START DATA

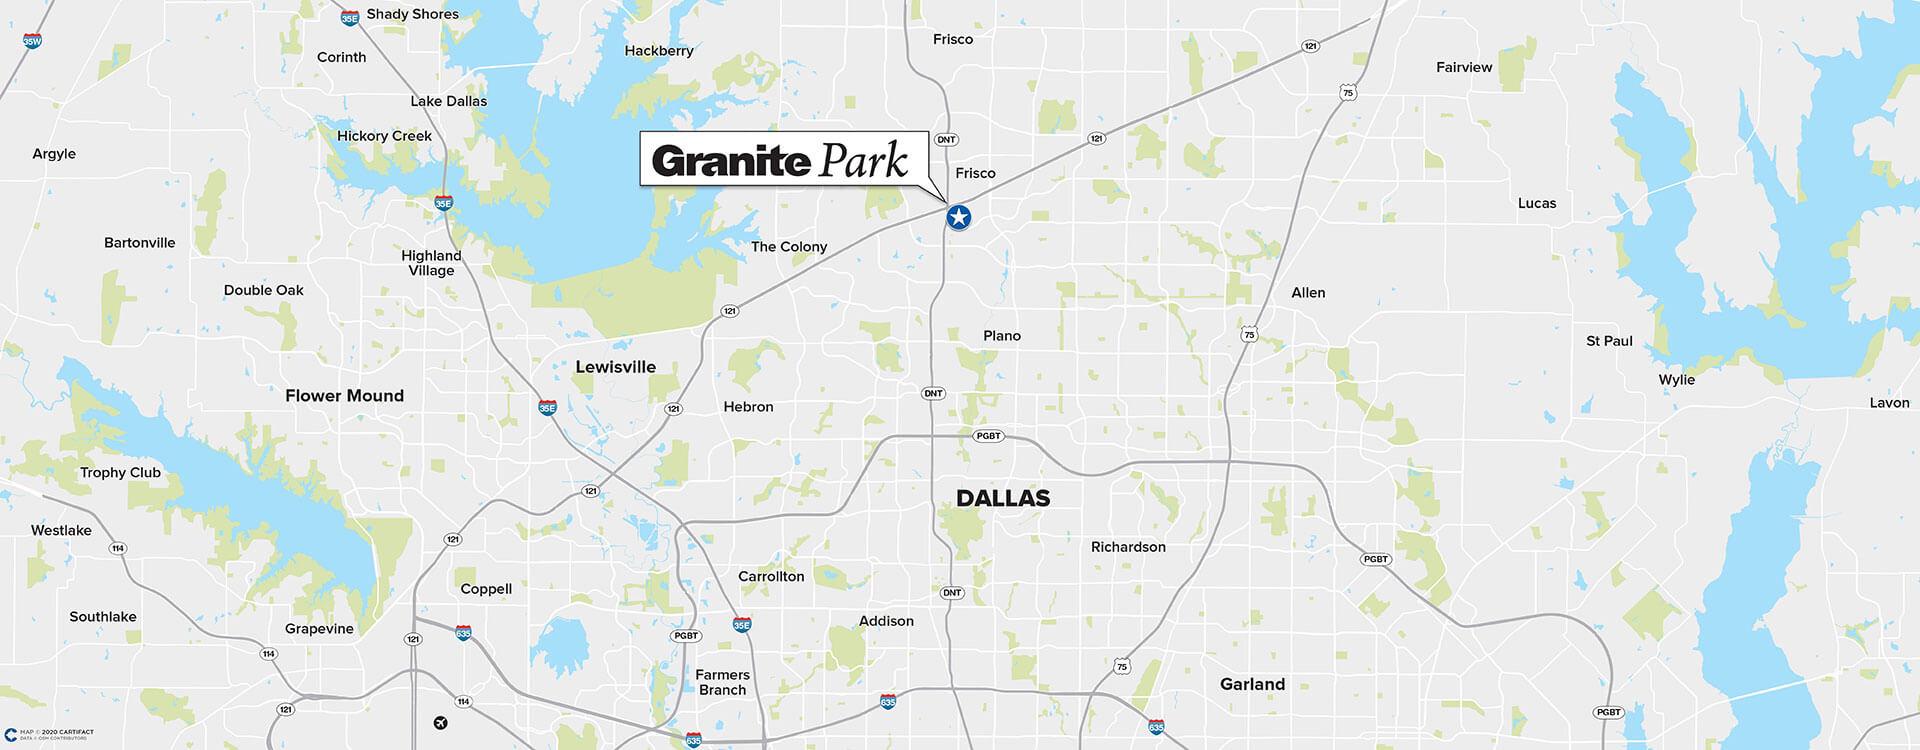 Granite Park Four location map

END DATA
START DATA

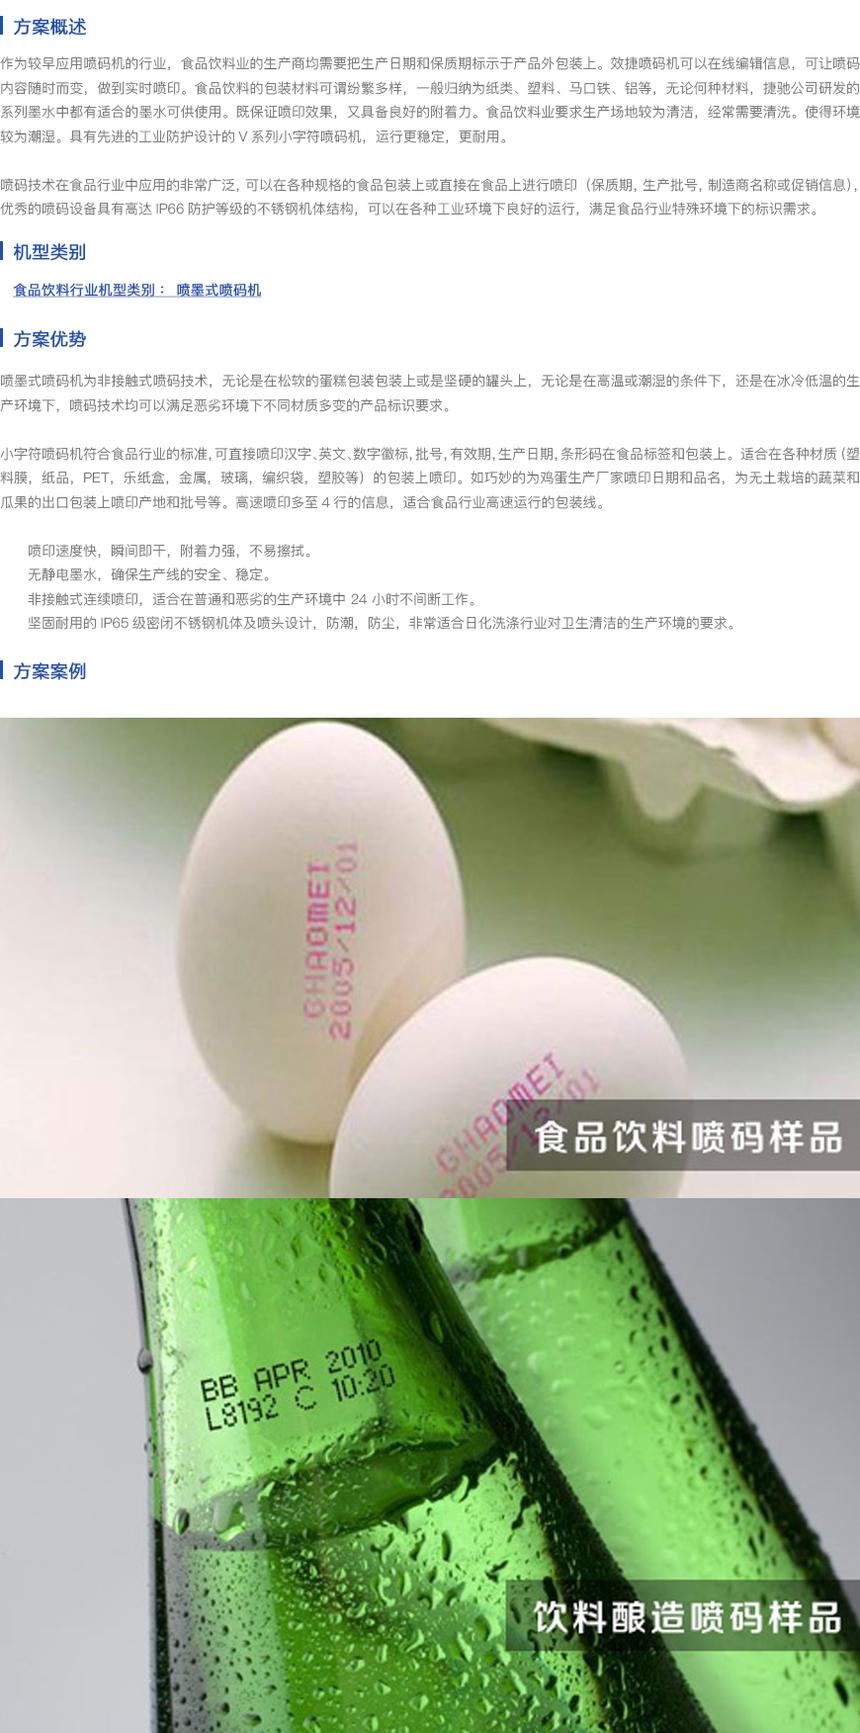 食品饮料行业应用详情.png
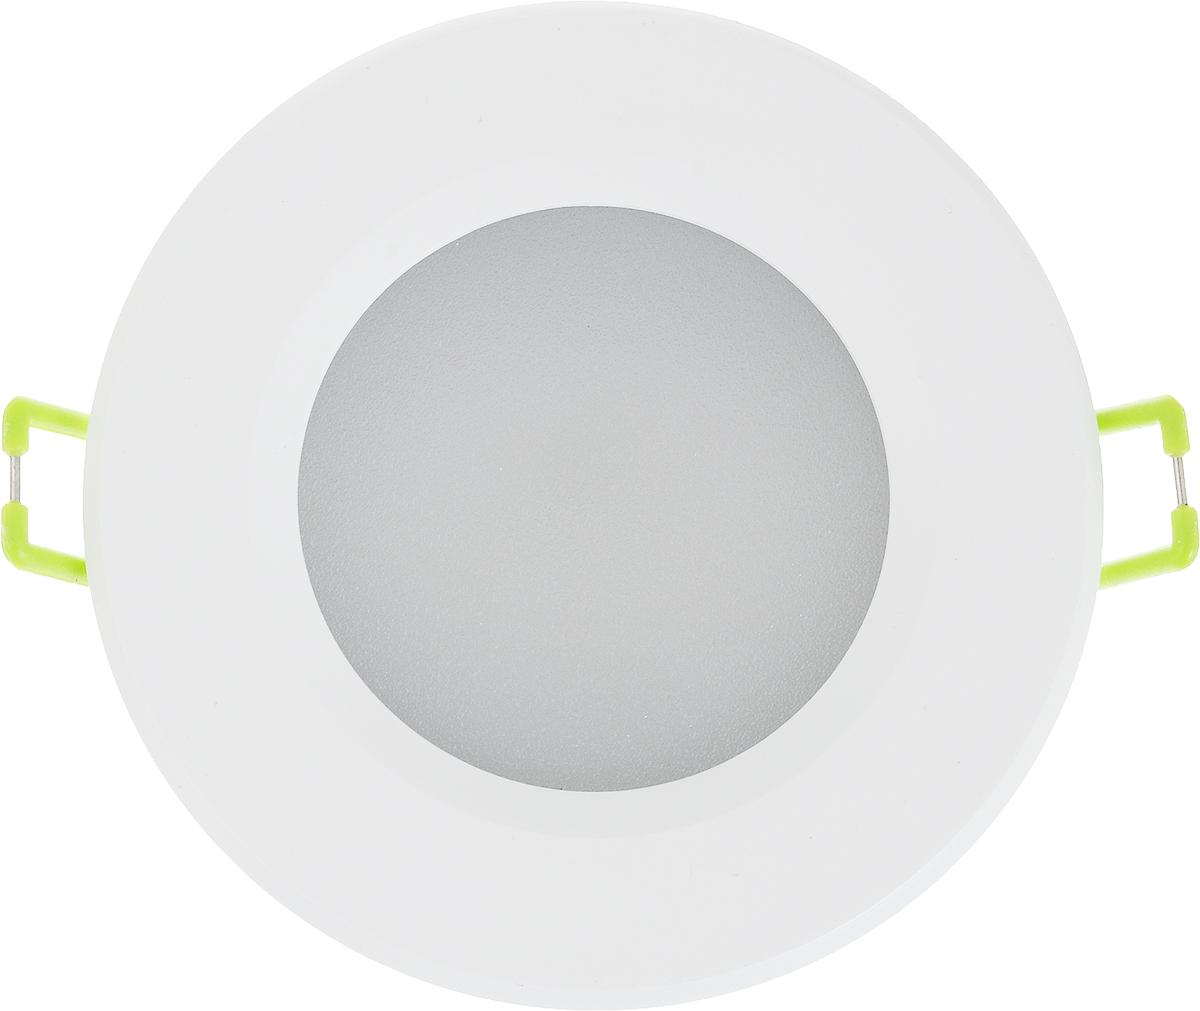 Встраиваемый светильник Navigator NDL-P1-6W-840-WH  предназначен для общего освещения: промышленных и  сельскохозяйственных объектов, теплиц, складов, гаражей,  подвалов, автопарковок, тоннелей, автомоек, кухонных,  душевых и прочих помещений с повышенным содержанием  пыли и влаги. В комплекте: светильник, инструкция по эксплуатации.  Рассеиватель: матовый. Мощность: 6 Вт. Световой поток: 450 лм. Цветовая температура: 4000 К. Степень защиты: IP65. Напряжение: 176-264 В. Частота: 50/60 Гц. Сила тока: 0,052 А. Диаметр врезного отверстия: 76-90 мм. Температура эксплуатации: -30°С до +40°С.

END DATA
START DATA

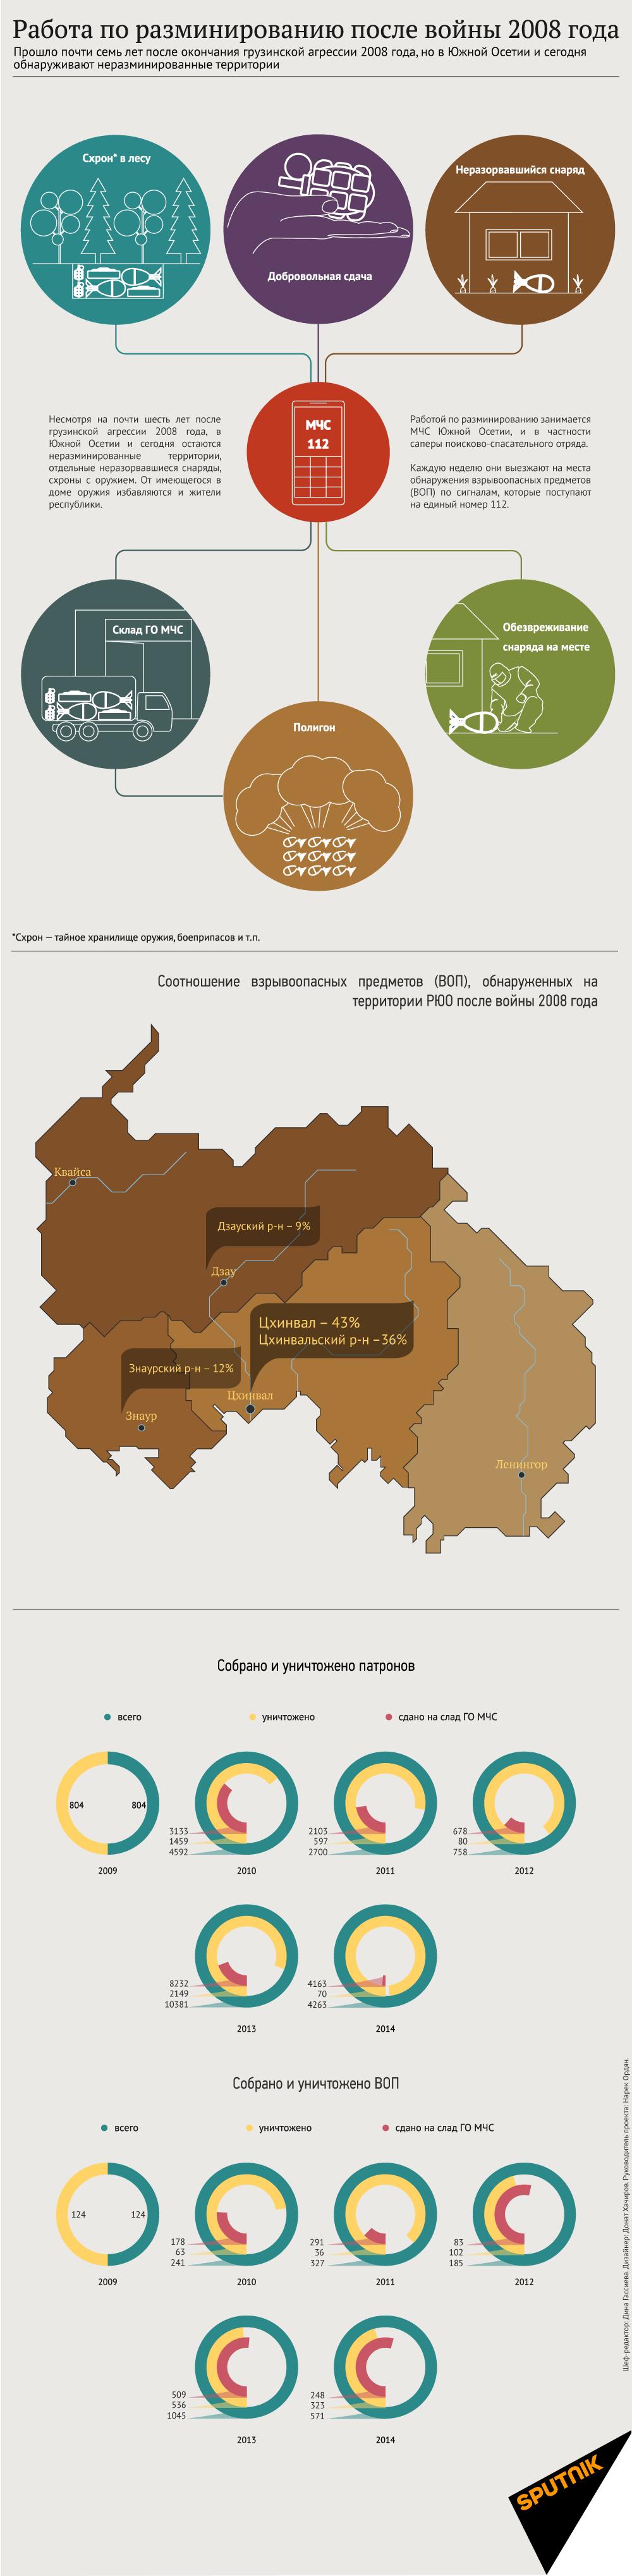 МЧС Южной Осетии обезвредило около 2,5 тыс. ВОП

END DATA

# AIM OF THE TASK
Above are entries with pictures among them. Write out exactly the lines from the one containing "食品饮料行业应用详情.png" through the one containing "Встраиваемый светильник Navigator", ends included, and leave those pictures out.

# RESPONSE TO THE TASK
 食品饮料行业应用详情.png
 Встраиваемый светильник Navigator NDL-P1-6W-840-WH  предназначен для общего освещения: промышленных и  сельскохозяйственных объектов, теплиц, складов, гаражей,  подвалов, автопарковок, тоннелей, автомоек, кухонных,  душевых и прочих помещений с повышенным содержанием  пыли и влаги. В комплекте: светильник, инструкция по эксплуатации.  Рассеиватель: матовый. Мощность: 6 Вт. Световой поток: 450 лм. Цветовая температура: 4000 К. Степень защиты: IP65. Напряжение: 176-264 В. Частота: 50/60 Гц. Сила тока: 0,052 А. Диаметр врезного отверстия: 76-90 мм. Температура эксплуатации: -30°С до +40°С.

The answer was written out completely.